The result of this literature review documents a remarkable list of various quantitative radiologic criteria applied to describe lumbar spinal stenosis. Measurement of antero-posterior diameter and the cross sectional area of spinal canal with varying cut-off levels are the most often applied criteria for central stenosis; height and length of the recess for lateral stenosis and foraminal diameter for foraminal stenosis. Only in a minority of primary prognostic studies, included in systematic reviews evaluating different treatment modalities, distinct and reliable criteria were used to set up eligibility criteria for patients included in these studies.
To our knowledge no structured and systematic review collecting radiological criteria applied for defining lumbar spinal stenosis has been published to date. A structured review focusing on clinical eligibility criteria was recently published showing a high degree of variability in inclusion criteria between studies . The finding of our study, focusing on radiological criteria, strengthens the conclusion from Genevay  that there is a need for a consensus on criteria to define and classify lumbar spinal stenosis.
A vague definition of an illness and imprecise criteria to either rule-in or rule-out an illness, as a consequence of that, poses a major problem on performing research in patients with such a disorder. It limits the accurate description of patients enrolled in a study and therefore confines the interpretation and applicability of the obtained results in medical practice. The primary goal of clinical studies is to gain results needed to inform physicians about the intended and adverse effects of different treatment modalities. Our findings indicate shortcomings in defining and classifying lumbar spinal stenosis resulting in imprecise and variable definitions of inclusion criteria in studies evaluating the natural course of the illness or the effect of different treatment modalities. This lack of distinct criteria impairs the interpretation of the study results and the comparability of the findings between different studies.
Two questions are of particular importance concerning diagnosis in patients with clinically suspected lumbar spinal stenosis: First, can a lumbar spinal stenosis be verified by radiological measures? Second, if stenosis is verified by an imaging procedure, are the symptoms and clinical signs caused by the identified somatic anomaly? There is a need to formulate a code of practice, based on shared expert's belief, to set measurement points in the lumbar spine to describe and quantify structural anomalies and in a further step to establish norm- and cut-off values. The aim of further studies might be the development of valid methods to assess the relationship between structural anomalies, symptoms and clinical signs. A difficulty to assess the association of clinical manifestations and anatomical anomalies is the fact that there is no simple reference test for lumbar spinal stenosis. The most obvious reference standard, at least in patients undergoing surgery, could be improvement after surgery. However, surgery at the lumbar spine might have an inadvertent beneficial effect on other mechanical pain generators. Innovative methods have to be developed to overcome these problems.

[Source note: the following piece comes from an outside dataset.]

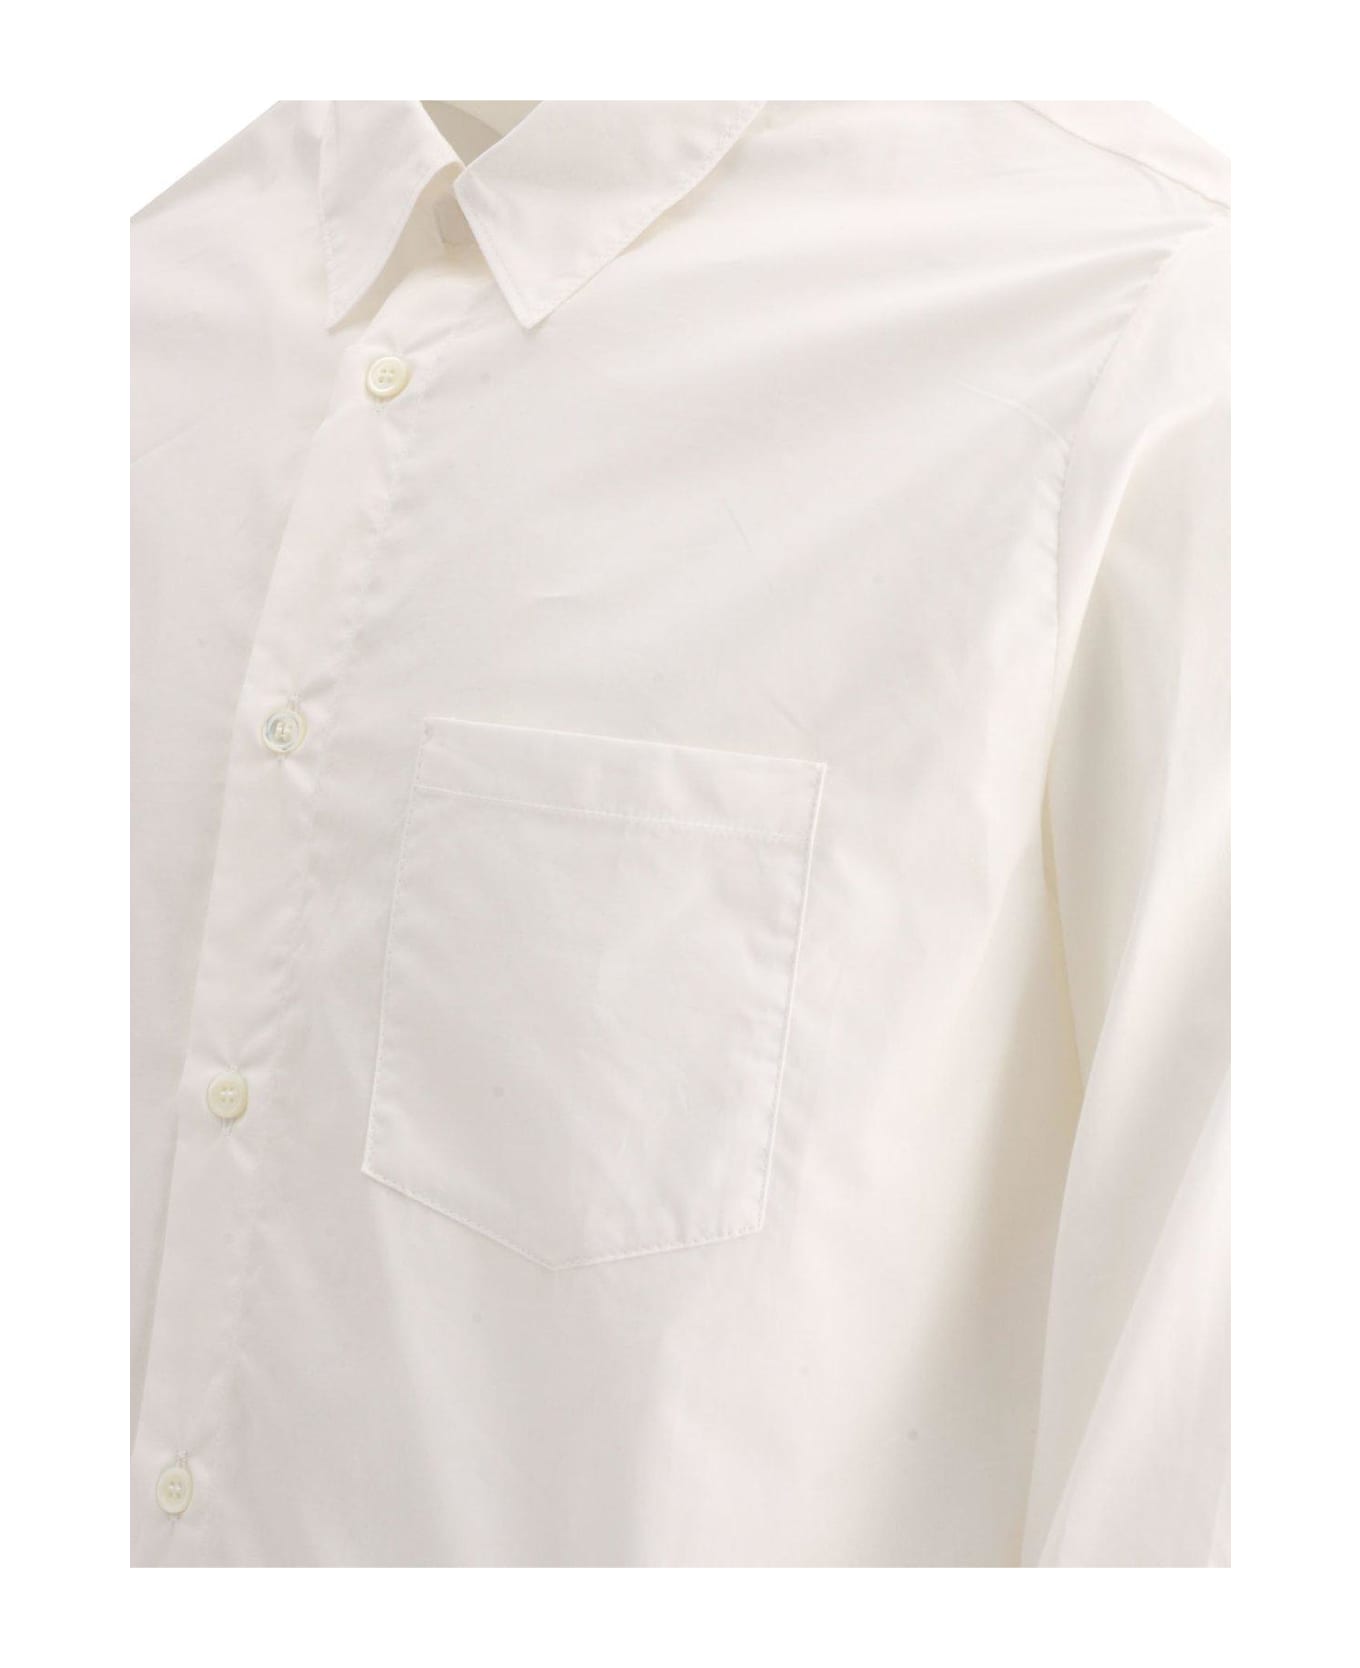 A.P.C. Buttoned Long-sleeved Shirt - Aab White シャツ

Although a thorough search in Medline, Embase and the Cochrane Library was performed papers reporting on descriptors of spinal stenosis different from those included in the list we present may have been missed. However, in the primary studies, included in the systematic reviews no additional descriptors not already found in the first search were identified. This indicates that relevant radiologic descriptors of lumbar spinal stenosis have most probably not been missed. A shortcoming of this review is the sole focus on quantitative parameters. Beside them qualitative parameters, e.g., disc protrusion or hypertrophic facet joint degeneration, are used to describe abnormalities in the lumbar spine.
Lumbar spinal stenosis is a common disorder and the most frequent indication for lumbar spine surgery in the elderly. Due to the demographic changes the number of patients with this disorder will increase. There is a need for a consensus among experts on well defined, unambiguous radiological and clinical criteria to define lumbar spinal stenosis. The criteria, reported in this paper, can be used as a source for the development of radiological criteria.